第二章 囚室之谋,初见獠牙
接下来的三天,林墨被关在那间狭小的厢房里。
每天只有那个叫陈五的年轻士兵,会准时送来两顿粗糙的饭食和清水。话很少,眼神里却没了最初的轻视,多了点复杂的好奇。偶尔,林墨能从他口中套出只言片语:成廉将军似乎在整顿军纪,劫掠被明令禁止了;派往各处的探马回报,曹操的主力仍在徐州腹地,但小股骑兵确实有向北调动的迹象。
林墨知道,历史并未因他的到来发生大的偏离。曹操此时应该正收到荀彧或程昱从兖州发来的急报,后院起火,归心似箭。他沉下心,利用这难得的“隔离期”,做两件事:第一,继续消化和融合原主“林墨”的记忆碎片;第二,反复推演见到吕布后可能发生的各种情况,并模拟这个时代的语言和思维模式。
原主的记忆,像一部断续的黑白默片。出身琅琊没落士族,读过些书,为避战乱南迁,却一头撞上了曹操东征的兵锋。记忆里最多的,是饥饿、恐惧和长途跋涉后脚底的血泡。有用的信息不多,但至少让他对这具身体的习惯、口音以及一些基本的经学常识有了本能般的熟悉。
第四天傍晚,厢房的门被猛地推开。
进来的是成廉本人,身后跟着两名亲卫。他依旧披甲,但脸上的疲惫被一种紧绷的兴奋取代,看向林墨的眼神也截然不同。
“收拾一下,跟我走。”成廉言简意赅。
“曹军动了?”林墨站起身,拍了拍粗布衣衫上的尘土。
成廉目光锐利地扫了他一眼:“你怎知是曹军?”
“若非军情紧急,且验证了在下部分所言,将军神色不会如此。”林墨平静道,“可是北面哨探发现曹军拔营迹象?”
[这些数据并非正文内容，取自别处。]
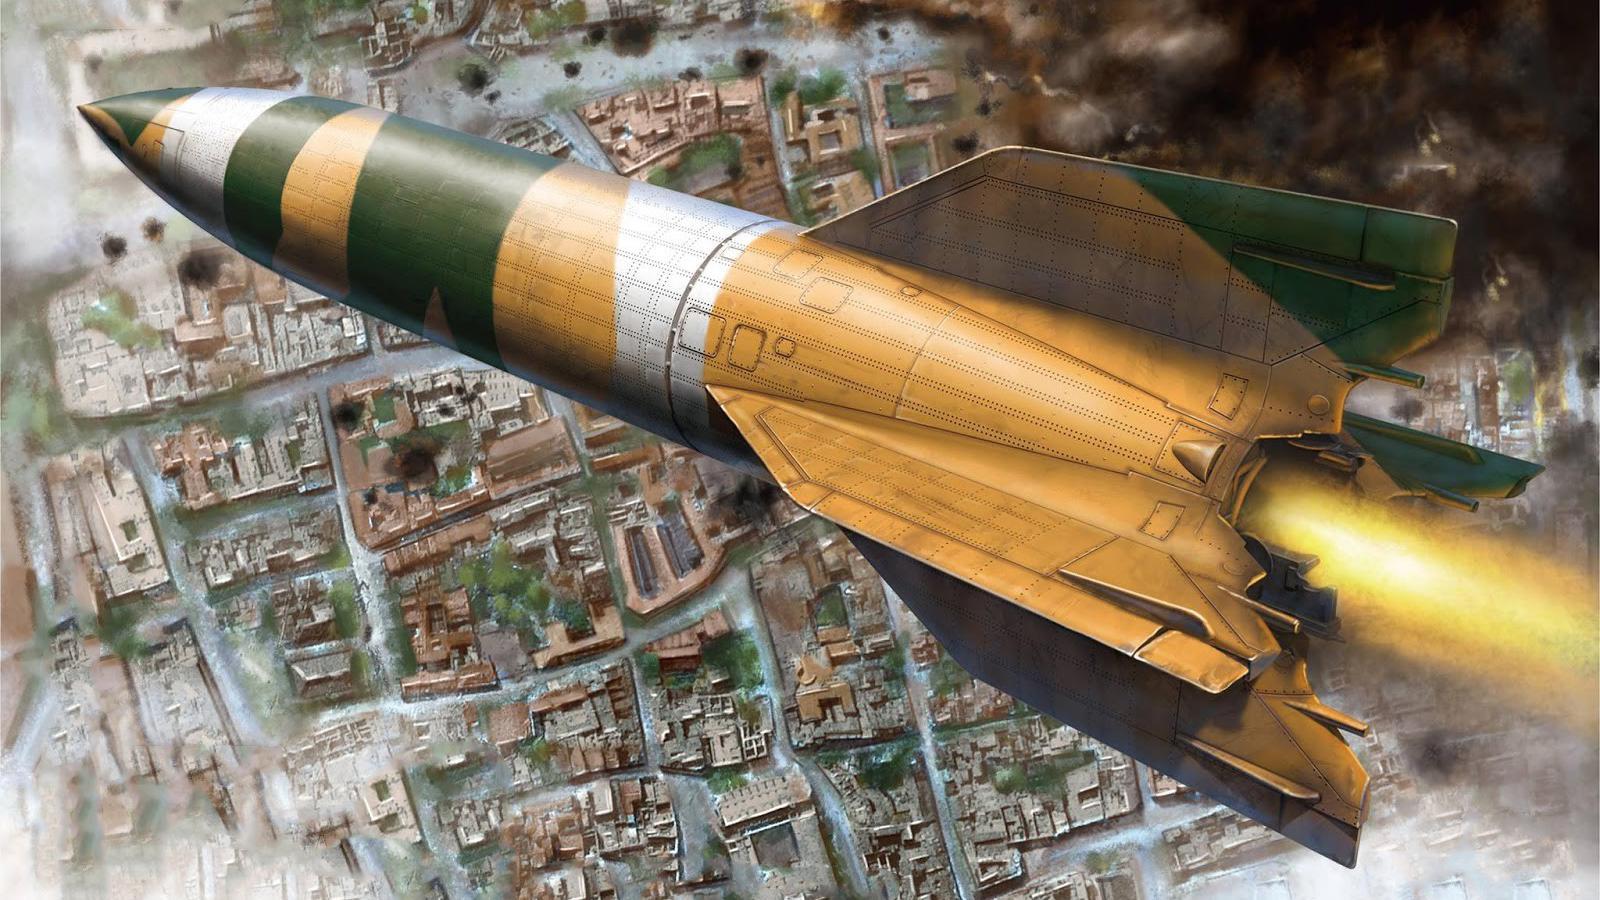 超级核弹破5国防空,14000枚导弹2000架战机拦截失败,险引发战争

成廉沉默片刻,算是默认。“曹操留曹仁、于禁断后,自率主力,星夜兼程往西去了。方向,正是兖州。”他顿了顿,“你猜的‘月内’,看来还是保守了。”
林墨心中一定。最关键的第一步验证,通过了。他的“先知”形象,在成廉心里建立了初步的、但绝对重要的可信度。
“此乃意料之中。”林墨道,“曹操行事,果决狠辣。后方不稳,他绝无心思在徐州久留。将军,此刻正是我军谋取徐州的天赐良机,也是……温侯见在下的合适时机了么?”
成廉没有直接回答,反而问了另一个问题:“你前日说,要结好下邳陈氏、广陵臧霸。陈珪陈登父子,乃徐州士族之首,向来眼高于顶,岂会轻易看得上我等……外来之师?”他话里有一丝难以察觉的涩然,显然对吕布集团“流寇”的名声有自知之明。
“正因为他们是士族之首,所求者无非家族延续与地方权柄。”林墨早已想过这个问题,“曹操屠戮,已寒徐州士民之心。刘备仁弱,且正与袁术相争,自顾不暇。温侯此刻若以‘为陶使君复仇、保境安民’之姿出现,对陈氏而言,是危局中一个新的选择,甚至是一个可以待价而沽、施加影响的‘强援’。关键在于,温侯必须以行动证明两点。”
“哪两点?”
“第一,军纪严明,非比曹操暴虐。 将军近日整顿军纪,便是极好的开始,此消息需主动、巧妙地让陈家知晓。”林墨观察着成廉的神色,继续道,“第二,尊重地方,愿与士族共治。 温侯需表现出对陈氏地位的认可,甚至可许以‘州中之事,多赖元龙(陈登)父子’这样的姿态。对于臧霸等泰山豪帅,则许以‘联防共保,互通有无’的实利,胜过高官虚爵。”
成廉听得入神,这些思路与他以往接触的“冲杀夺地”截然不同,更复杂,却也似乎……更根本。
“你这些话,留着当面说与温侯和陈公台听吧。”成廉终于下定决心,“今夜我便派人送你前往小沛与温侯汇合。林墨,记住,温侯性如烈火,最恶空谈。陈军师(陈宫)智计深远,但……颇为自负。你欲立足,需有实言、实策。”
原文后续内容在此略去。